Even those who have spiritual abilities most of the times permutate these things predicated on natural occurrences. The way I saw the situation in the party that time, it was clear to me that the mindset of the people who had the party in their control and who had the government in their control that time was such that the meddlesomeness that we were experiencing as the leadership of the party would not change.
I also knew from the short antecedent of about two years of operating with these personalities that they were determined to continue to make demands which were not only unreasonable but also demands that were totally unethical. Anyone who felt that he had the responsibility to implement any of those things was heading to a situation where his fall would be by far more catastrophic than the one of anyone who was resisting carrying some of those things out. That was the natural foundation on which I predicated my prophesy.
I also knew by that time the sort of people who were being penciled down to take my job, judging from their long antecedent, because I knew some of them for a very long time, I knew they will buy into some of the things that would be sold to them and if they did, then they were heading towards catastrophe. That was why I made that prediction.
Those who observed the events of that era tend to lay some of the blames at your doorsteps. They say when you were coming in 1999 to be elected the chairman of the party, you should have known that the way the establishment threw its weight behind your candidacy would have suggested to you that at one point, there would be a pay-back time and when the pay- back time came, you resisted and the centre no longer held.

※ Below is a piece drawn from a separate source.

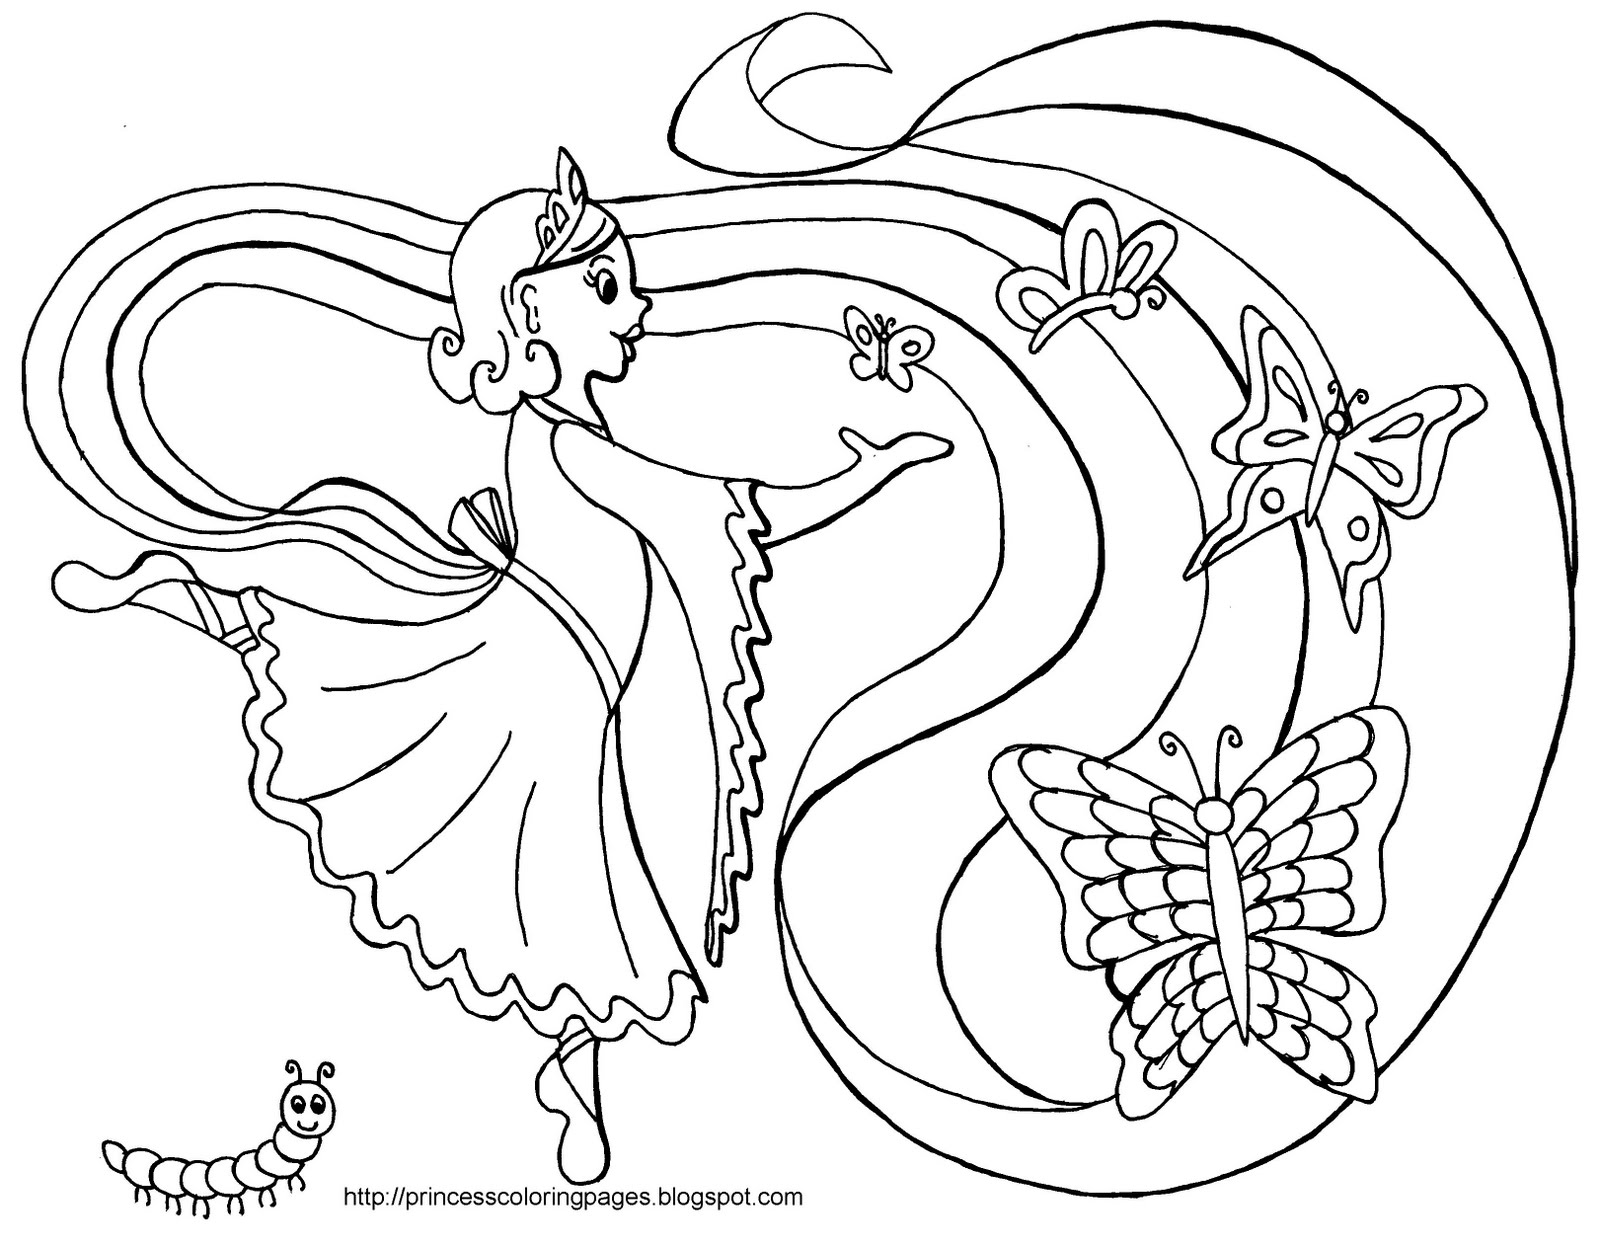 Dora Snow Princess Coloring Pack Nick Jr  - princess coloring pictures

There is a lot of difference between promoting an issue and initiating it. If someone initiates a programme, that programme is his own and if you agree to go with it that means you have become part and parcel of that programme, therefore, you cannot back out of it. It is like taking somebody to a shrine.
We heard about people going to visit the gods in the shrines with someone where they make arrangements that this is what we are going to do and if you back-out this will happen; that is initiation. But if someone found you as an attractive candidate in an election and decides to support you, then, the process does not amount to initiating a conspiracy and, therefore, you have no conspiracy to maintain.

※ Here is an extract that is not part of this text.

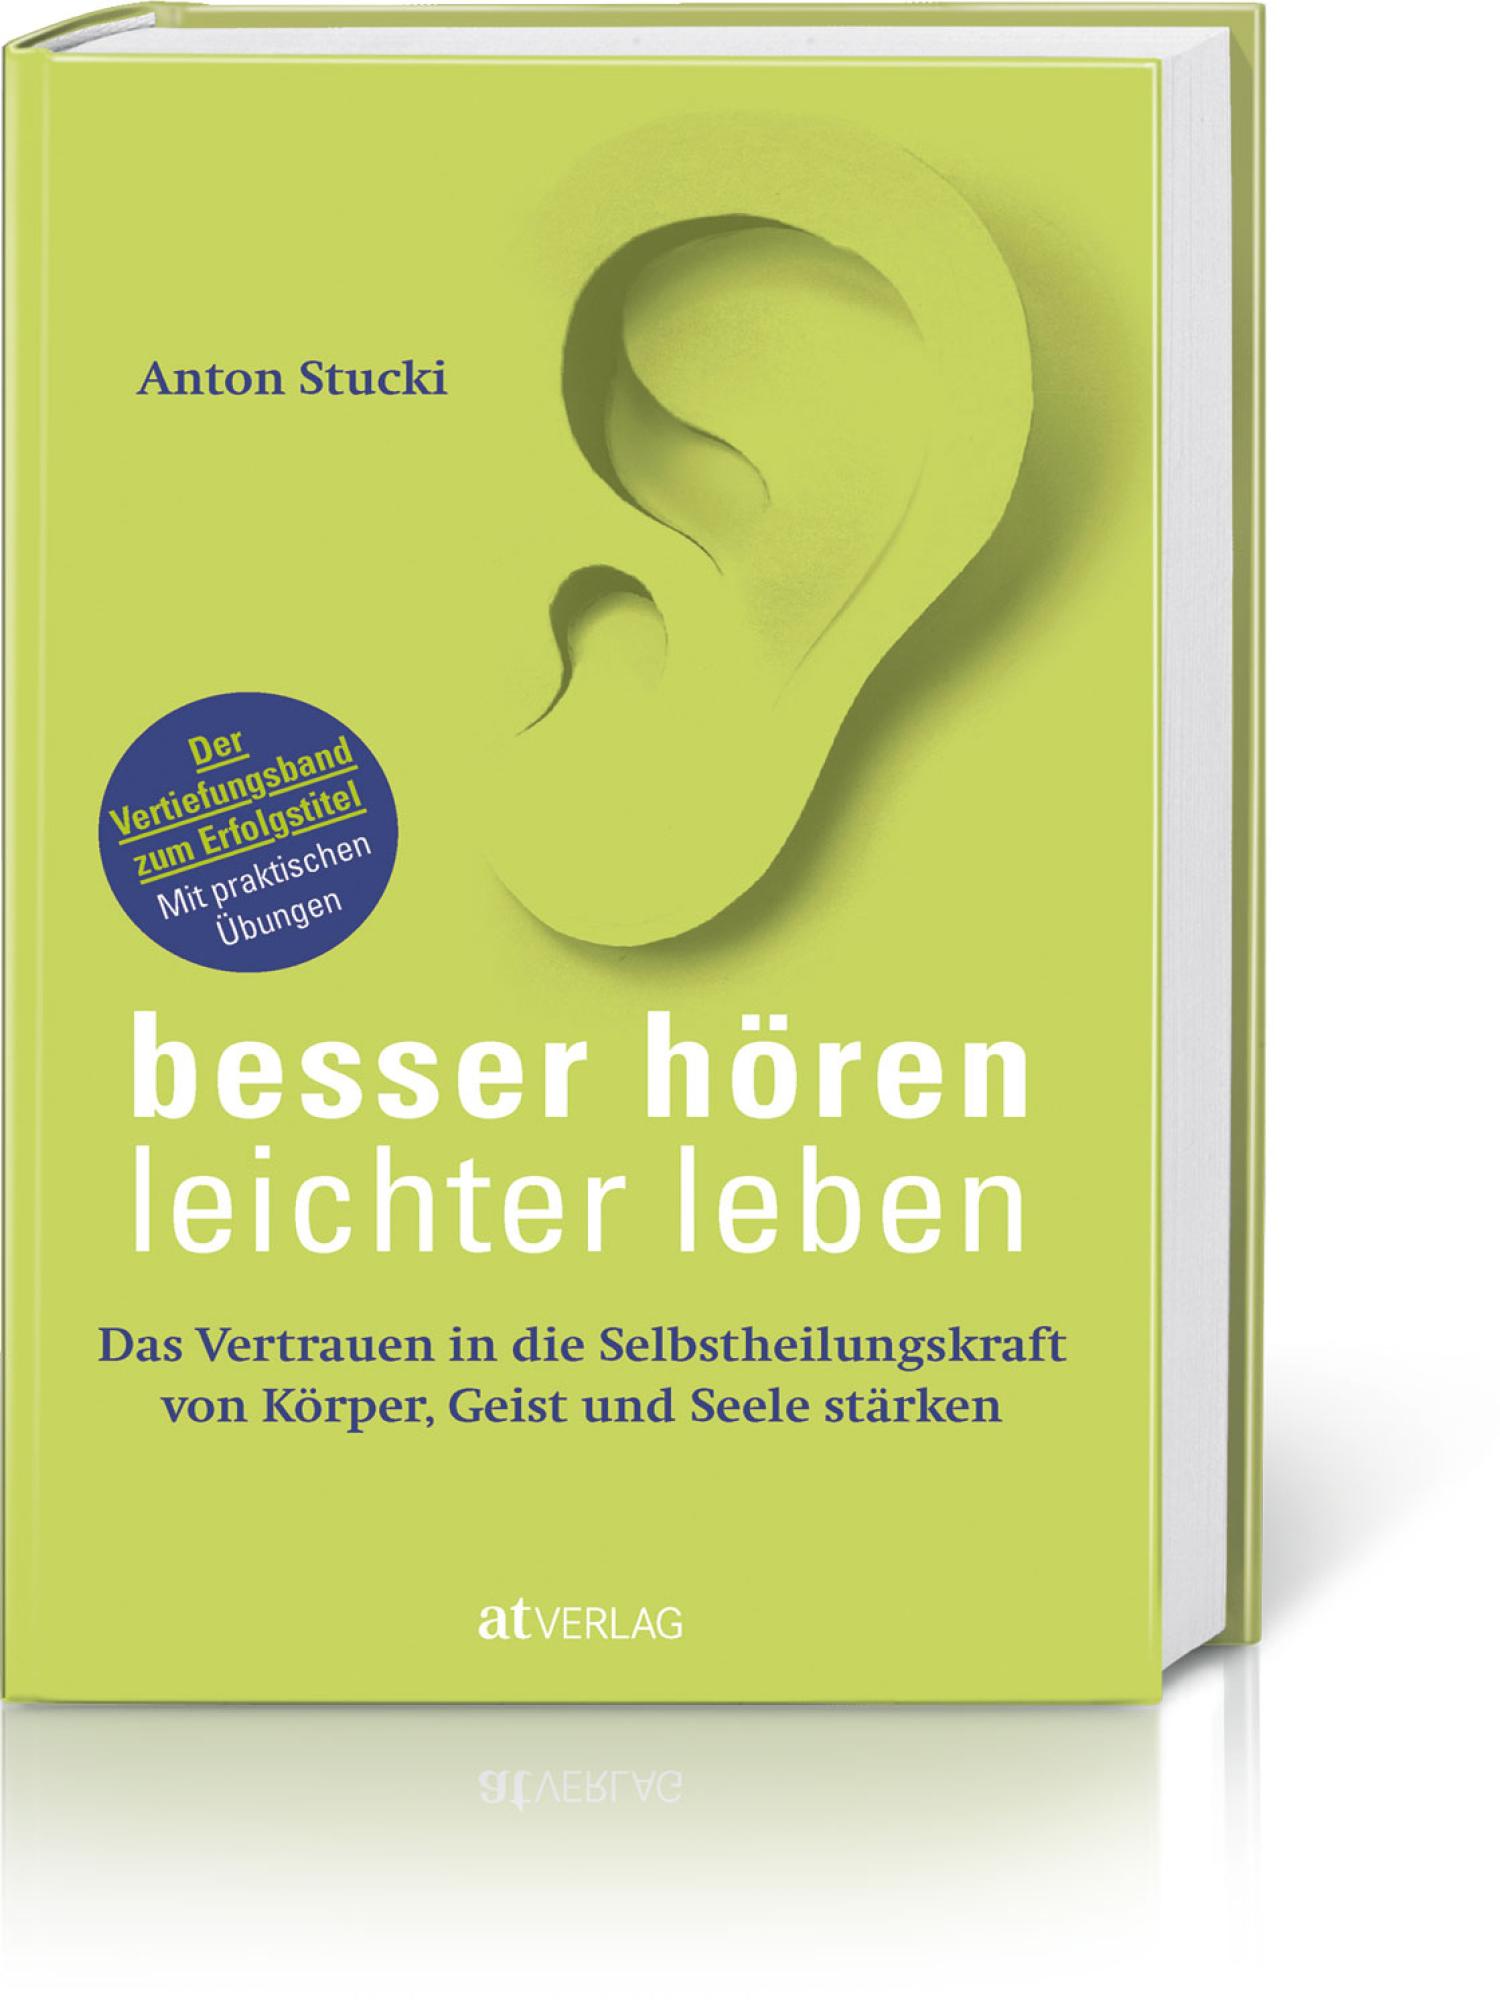 Besser hören – leichter leben, Produktbild 1

I was not an initiation of the powers that be at that time. My chairmanship was a free chairmanship offered to the North- Central Zone by the zoning formula of the PDP and the leaders of my zone at that time sat and agreed that I was the best and perfect person to occupy the position.
They did not just decide on that by naming me who just come to take the position. No, it was a long process. They formed a committee which was then headed by the vice-chairman of the zone, Alhaji Kolo from Niger State and members of the committee were people like Isaac Shaahu; Shaaba Lafiagi and others who formed an eight-man committee that interviewed prospective candidates for the chairmanship. We attended that interview three times at Agura Hotels and I believe that I beat them in that interview.
At that time, it was myself, Ahmadu Ali, Yahaya Kwande, Sule Usman from Kogi State and now late Chief Sunday Awoniyi. We attended those interviews judiciously. Every one of them came. It was not an issue of just hand-picking someone.
Were you not the anointed one?
No, there was no anointing. I owed nothing to anybody apart from what was the interest of my zone. The leadership of my zone that time —Chief Solomon Lar who was the out- going chairman and Professor Jerry Gana who was the protem secretary of the movement that led to the formation of the party and had become the secretary of the Board of Trustees supported me as every other person did.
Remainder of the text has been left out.